Rohan takes out an easel filled with large complicated charts. The audience members begin to have a glazed-over look. He moves quickly, and the many numbers rapidly blend into one another. Every so often, there's something recognizable that I try to hold on to, such as “bond debt,” “impact fee,” and “amenities fees.” But mostly it's a slew of puzzling terms like “adjusted taxable revenue” and “ad valorem.” He proceeds to explain an algebraic equation where “assessments equal total costs times the number of acres in the unit divided by the number of assessable acres in the district.” Women look to their husbands, but several of the men are already asleep. “I bet you all are ready to get out of here and go golfing, aren't you?” Rohan asks cheerfully.
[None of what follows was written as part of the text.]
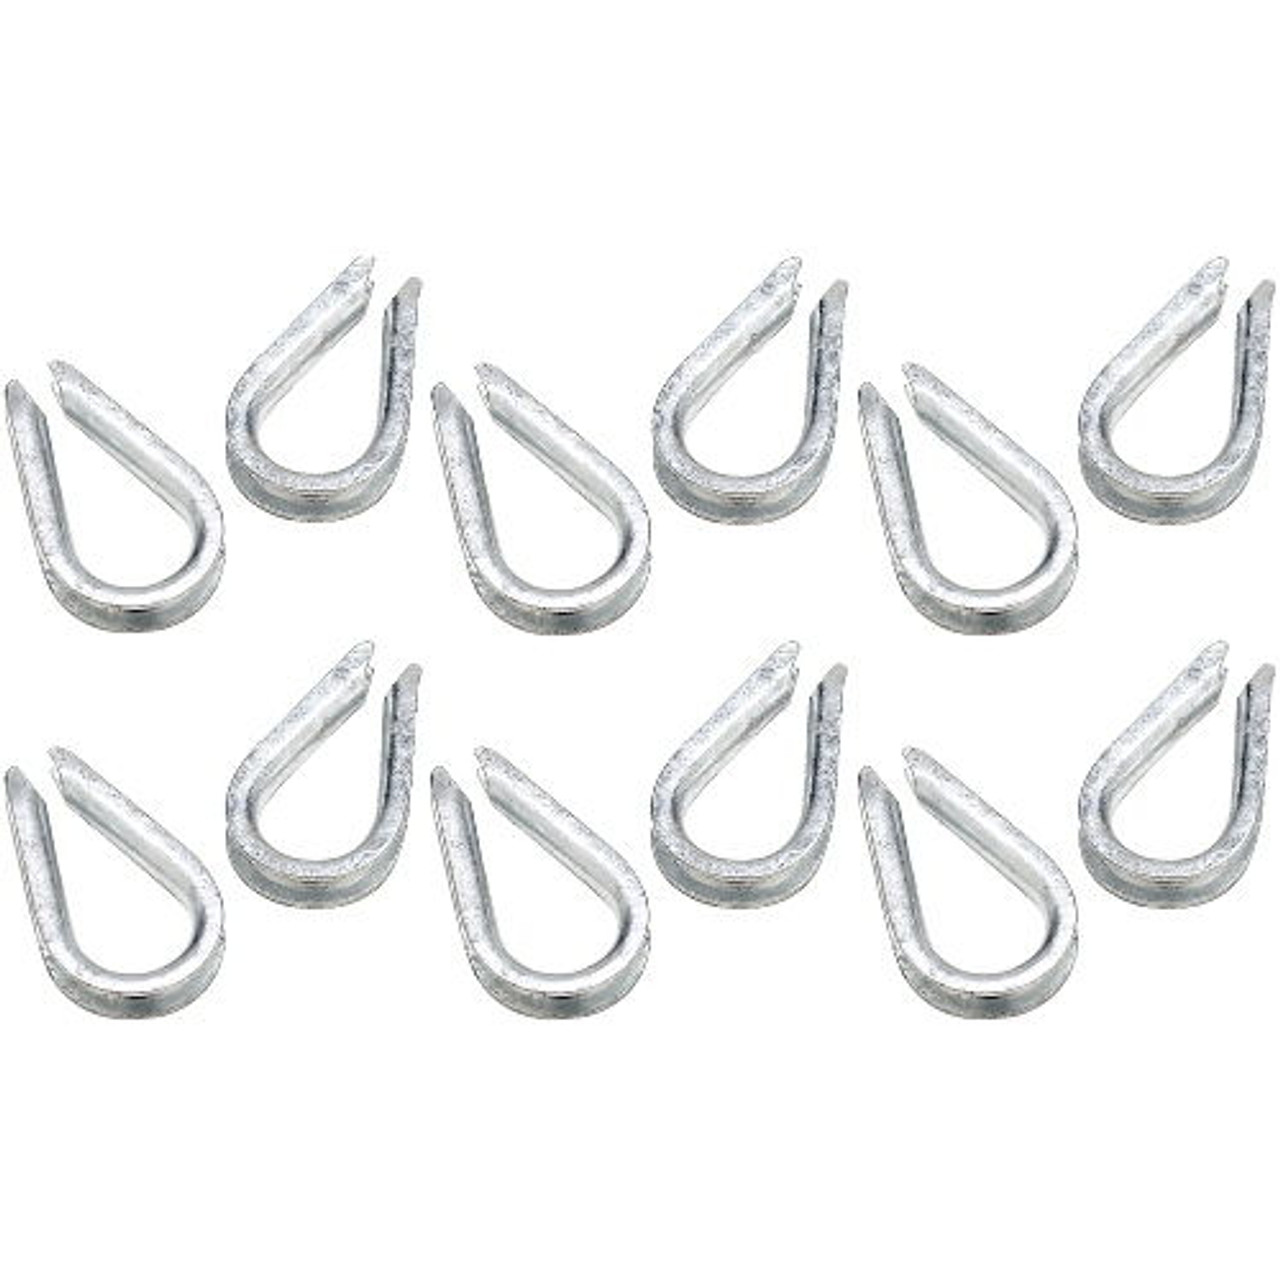 12 Pack of 3/8 Inch Galvanized Wire Rope Anchor Line Thimbles for Boats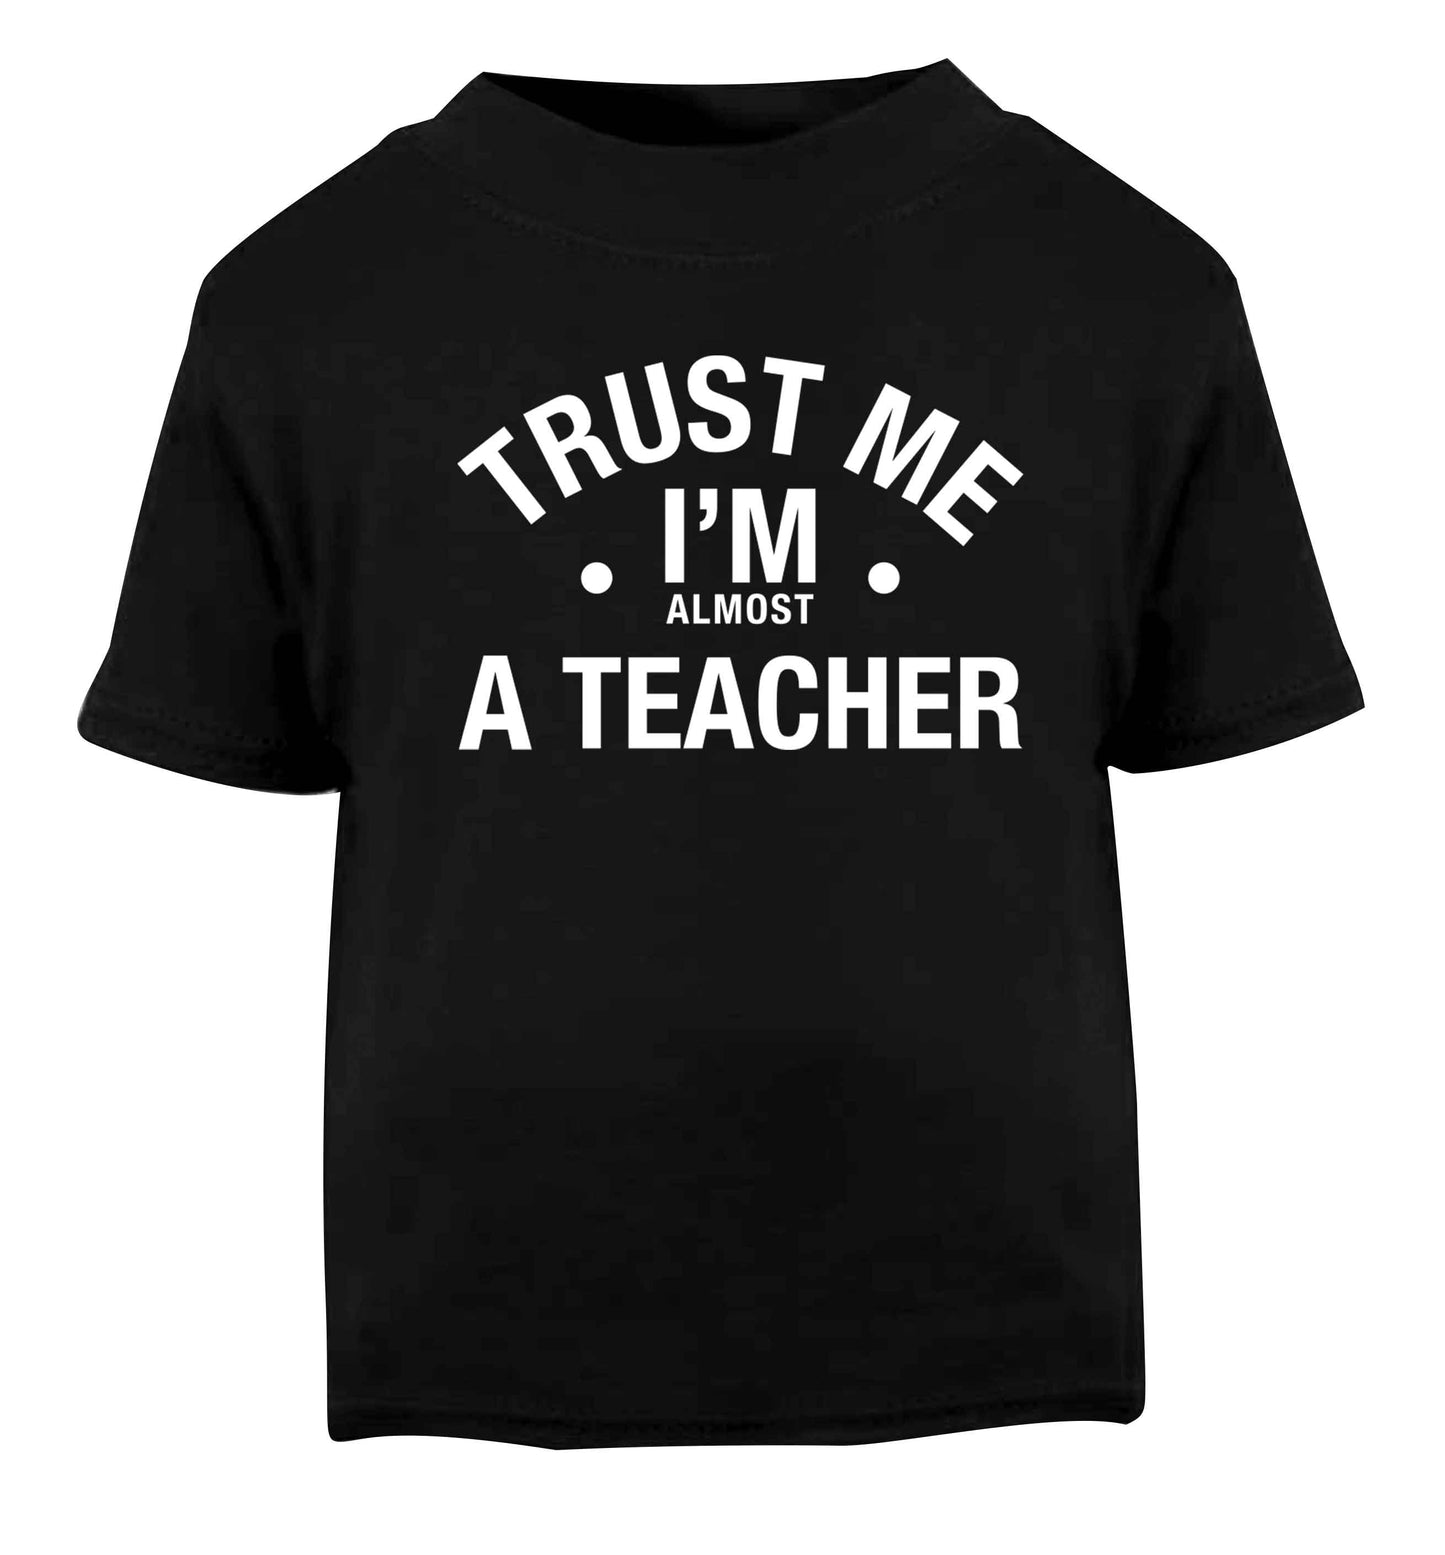 Trust me I'm almost a teacher Black baby toddler Tshirt 2 years

To break up the monotony, somebody asks Rohan a question: “Are you elected to your position?” “Uh, no,” he responds. “I'm an employee.” Rohan then takes out a seven-foot aerial photograph of The Villages with a clear plastic overlay identifying the development's ten districts, which together are big enough to encompass two zip codes. The color-coded districts are oddly shaped, much like gerrymandered municipal wards. In the middle of the photograph, which is devoid of color-coding, there is a large empty area as big as any district. It corresponds to the white space in the middle of the
map I bought from the chamber of commerce. I ask Rohan why the area is left blank.

“Oh, that over here? Uh, that's private property.”

“Whose private property?” I ask. It's a sizable chunk of real estate in the heart of the development, and yet it's outside any of the development's districts, which means that it's not governed by any of the rules or additional fees that every other resident must adhere to.

“Uh, uh, that's the developer's property,” Rohan manages. “It's a private gated community.”

“So that's where Morse lives?” I ask.

“Uh, yes.” Rohan turns back to the flip charts. The next one is covered with so many calculations that it resembles a financial prospectus, or perhaps a classroom exercise for MBAs.

What Rohan is trying to explain is the rather unusual legal structure underlying Morse's mega-development, which grants him enormous powers. It's called Chapter 190, referring to the Florida statute's numerical designation. The legislation is nearly three decades old, and its origins date back even farther, about half a century ago, when Walt Disney brought his vision for a Magic Kingdom to sleepy Orange County, Florida. After a cross-country search for the right location—one that would give him maximum flexibility but still be near an interstate highway and a population center—Disney found himself circling in a small plane over a swampy, alligator-infested wasteland several miles outside Orlando, a small city that served as a hub for Florida's citrus industry. To ensure that he could buy the land dirt cheap, Disney kept his intentions secret for two years as he acquired more than 25,000 acres.